* What you have to do:
Retype the listing exactly. Leave out the images.

━━ Information shown

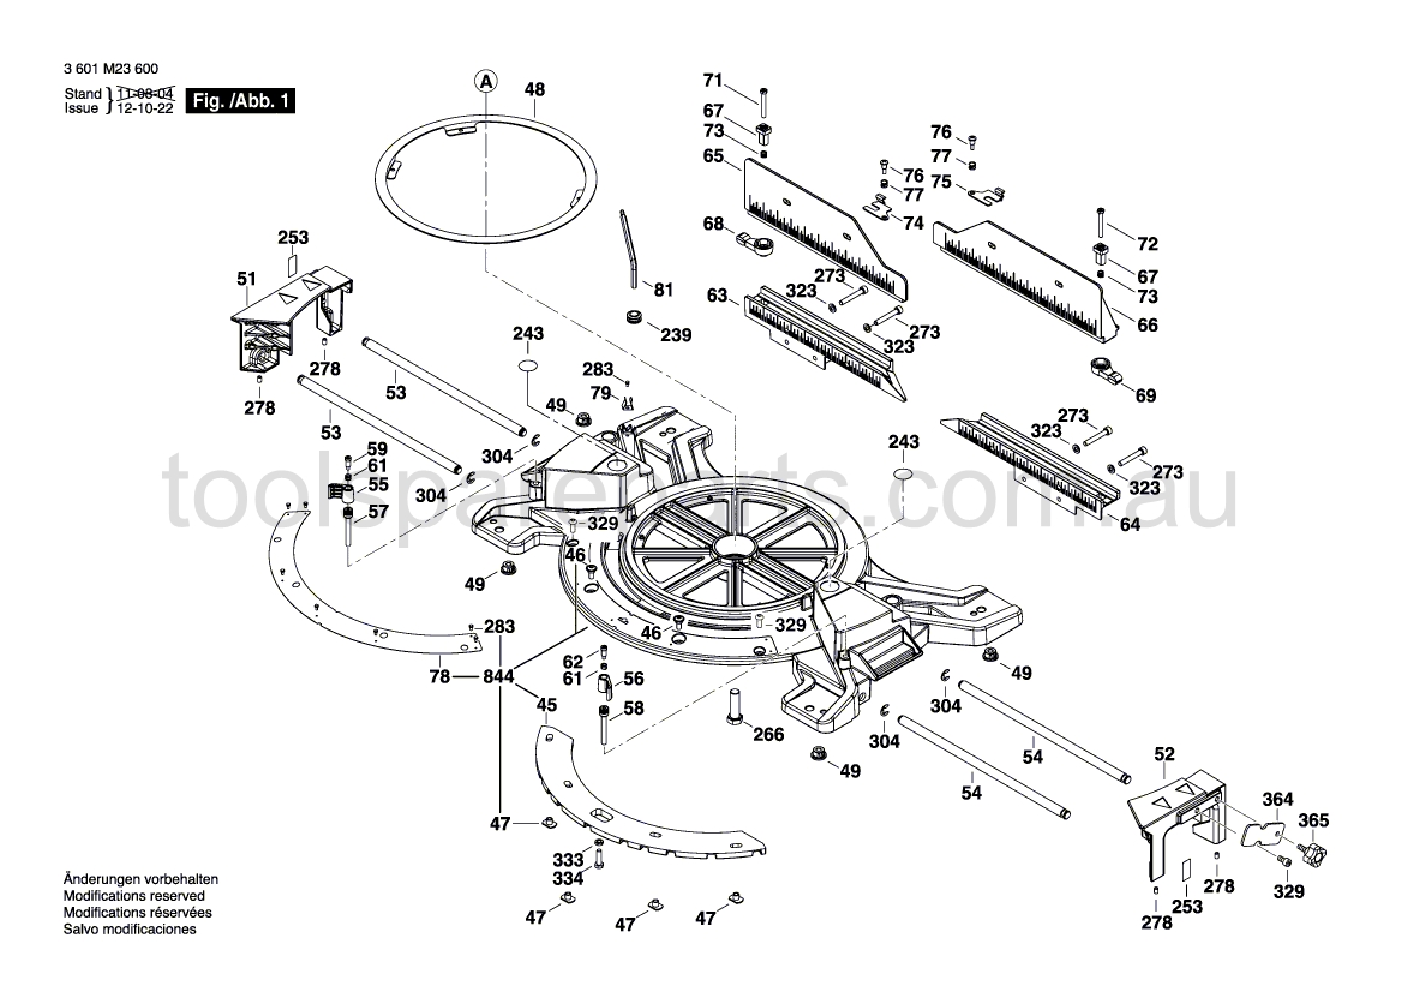 Bosch GCM 12 GDL 3601M23640  Diagram 1
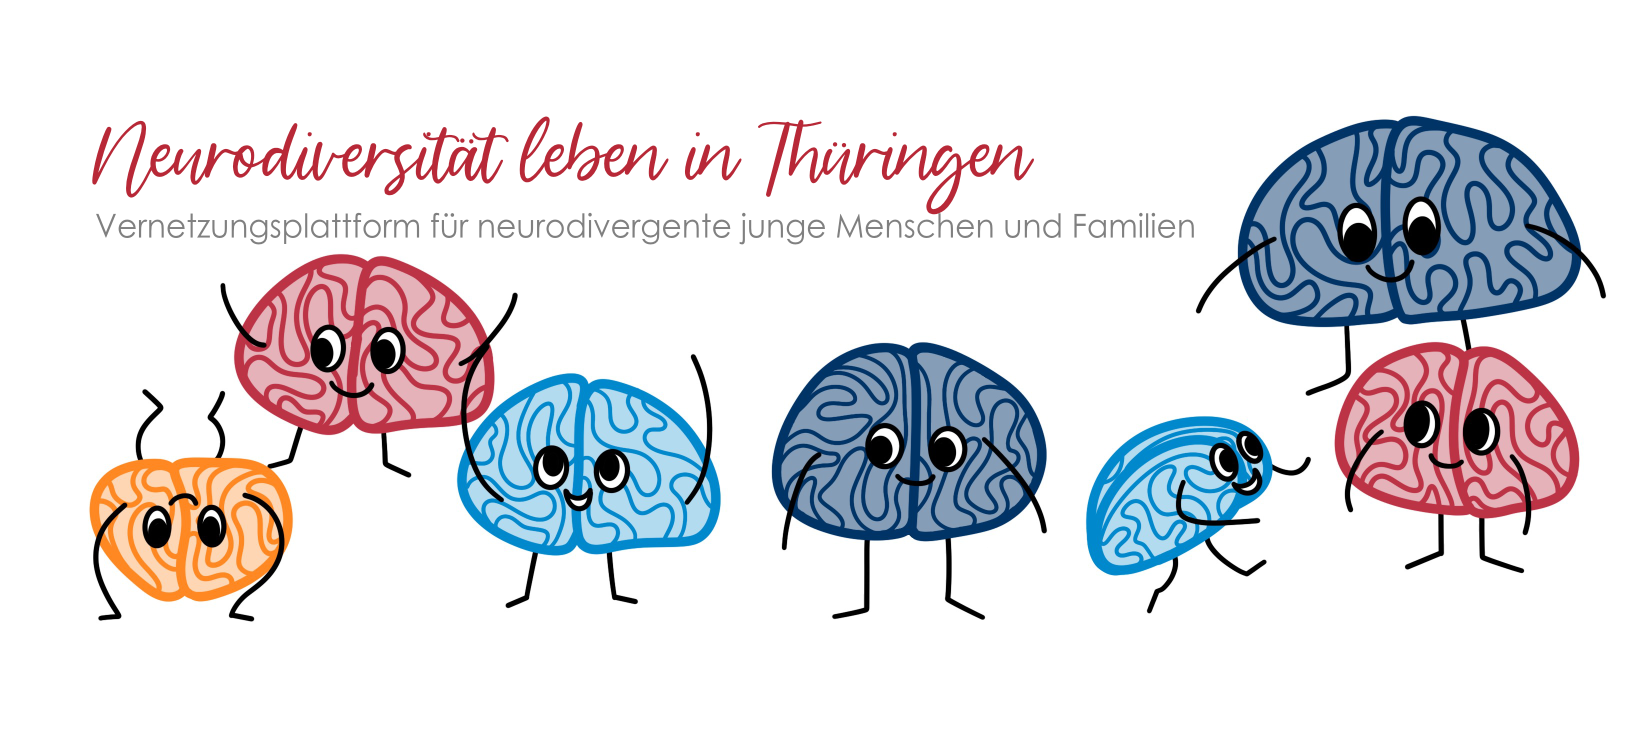 Facebook-Gruppe "Neurodiversität leben in Thüringen"
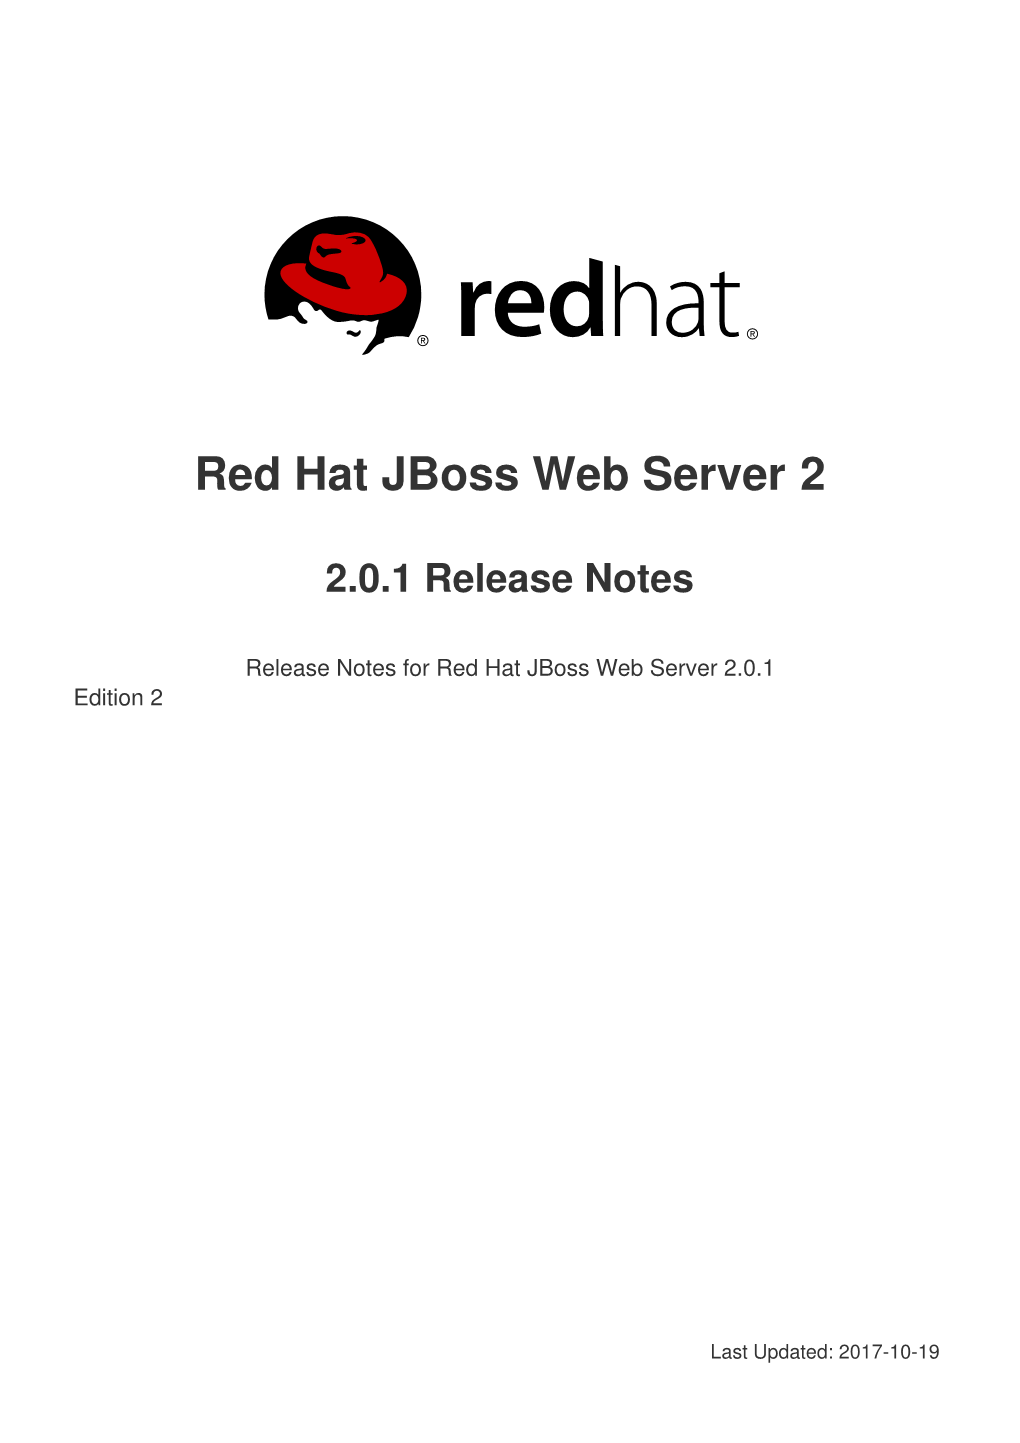 Red Hat Jboss Web Server 2 2.0.1 Release Notes

━━━━

* Solution for this problem:
 Bosch GCM 12 GDL 3601M23640  Diagram 1
 Facebook-Gruppe "Neurodiversität leben in Thüringen"
 Red Hat Jboss Web Server 2 2.0.1 Release Notes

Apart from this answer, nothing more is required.